Staff Spotlight: Eben Graves

Tuesday, March 4, 2025
Eben Graves

Eben Graves is a scholar and musician, as well as being assistant director of the Yale Institute of Sacred Music and director of its fellows’ program. 

He began his journey at the ISM as a postdoctoral fellow from 2015-16 when he taught classes on music in South Asia and engaged in a project entitled “Sacred Songs in Shrinking Markets: Religious Aesthetics, Temporal Organization, and Padāvalī-Kīrtan in West Bengal”, research that culminated in his 2022 book, The Politics of Musical Time: Expanding Songs and Shrinking Markets in Bengali Devotional Performance.This work explores how temporal dimensions of sacred music influence and shape social life in South Asia, offering readers a profound understanding of the cultural and social dynamics at play.

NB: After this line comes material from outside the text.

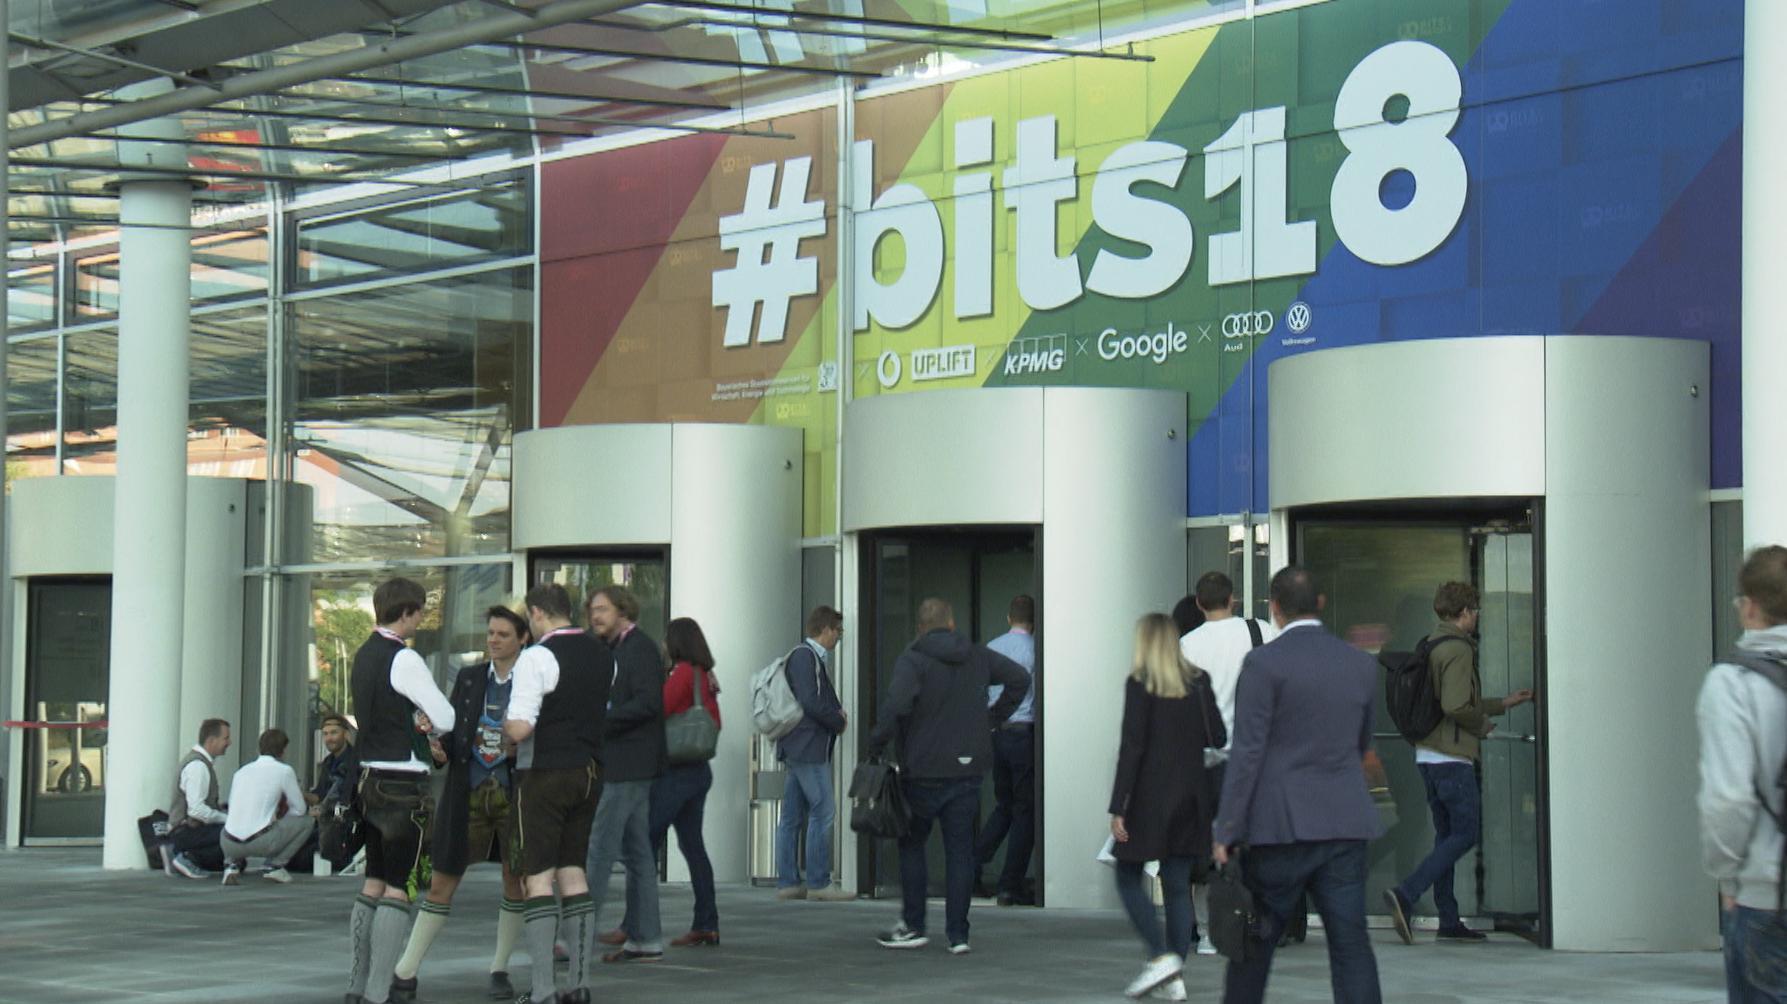 Eingang der Messe #bits18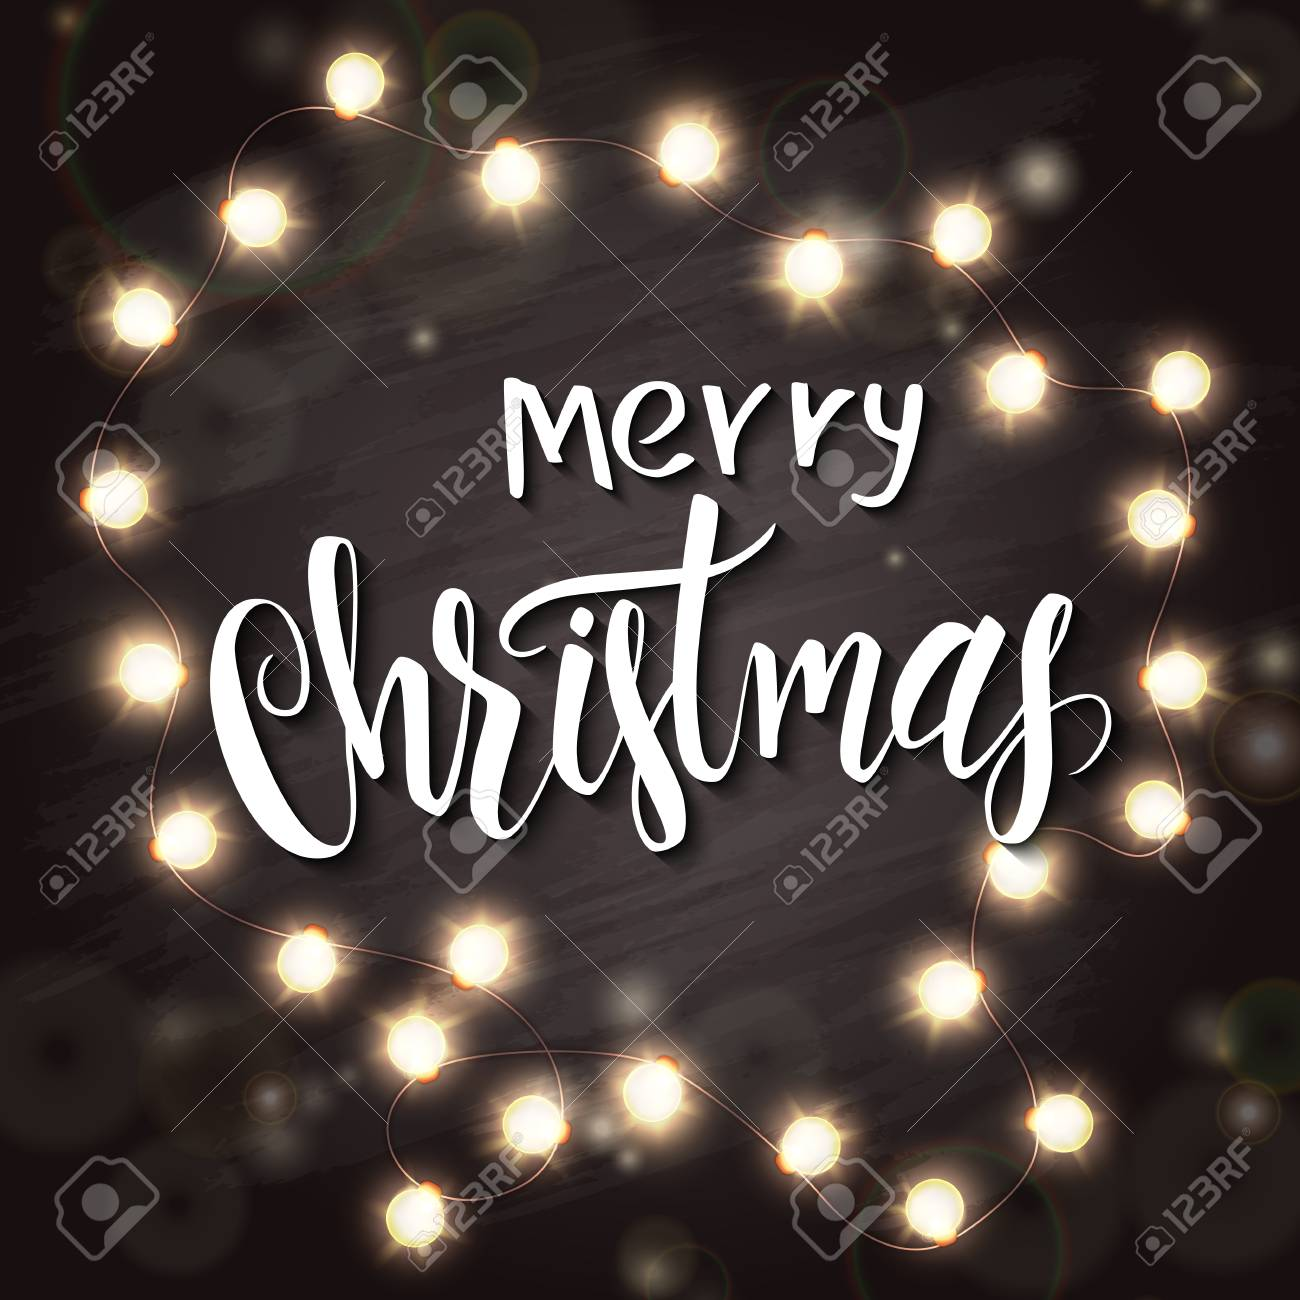 Schriftzug Frohe Weihnachten Beleuchtet.Vector Hand Gezeichnet Schriftzug Frohe Weihnachten Mit

Graves’ recent scholarly contributions include a chapter titled “Bodies with Songs: The Sounds and Politics of Interstitial Lyrics in Bengali Devotional Performance,” published in Religious Sounds Beyond the Global North: Senses, Media, and Power, a volume in the Global Asia series of Amsterdam University Press. Additionally, his active engagement in academic discourse is evident from his presentation of the paper “Sustaining Musical Time: The Dynamics of Musical Labor, Politics, and Value in Bengali Devotional Performance” at the Musical Sustainabilities Symposium, held on November 18-19, 2024, in Seinajoki, Finland. This event was sponsored by Uniarts Helsinki, further underscoring the international recognition of his work.

Graves holds a Ph.D. in Ethnomusicology from the University of Texas at Austin, where he distinguished himself with a dissertation on padāvalī-kīrtan, a genre of Hindu devotional song originating from eastern India. His academic and research pursuits have consistently focused on the intersection of music, religion, and social change in South Asia, cementing his reputation as an expert in the field.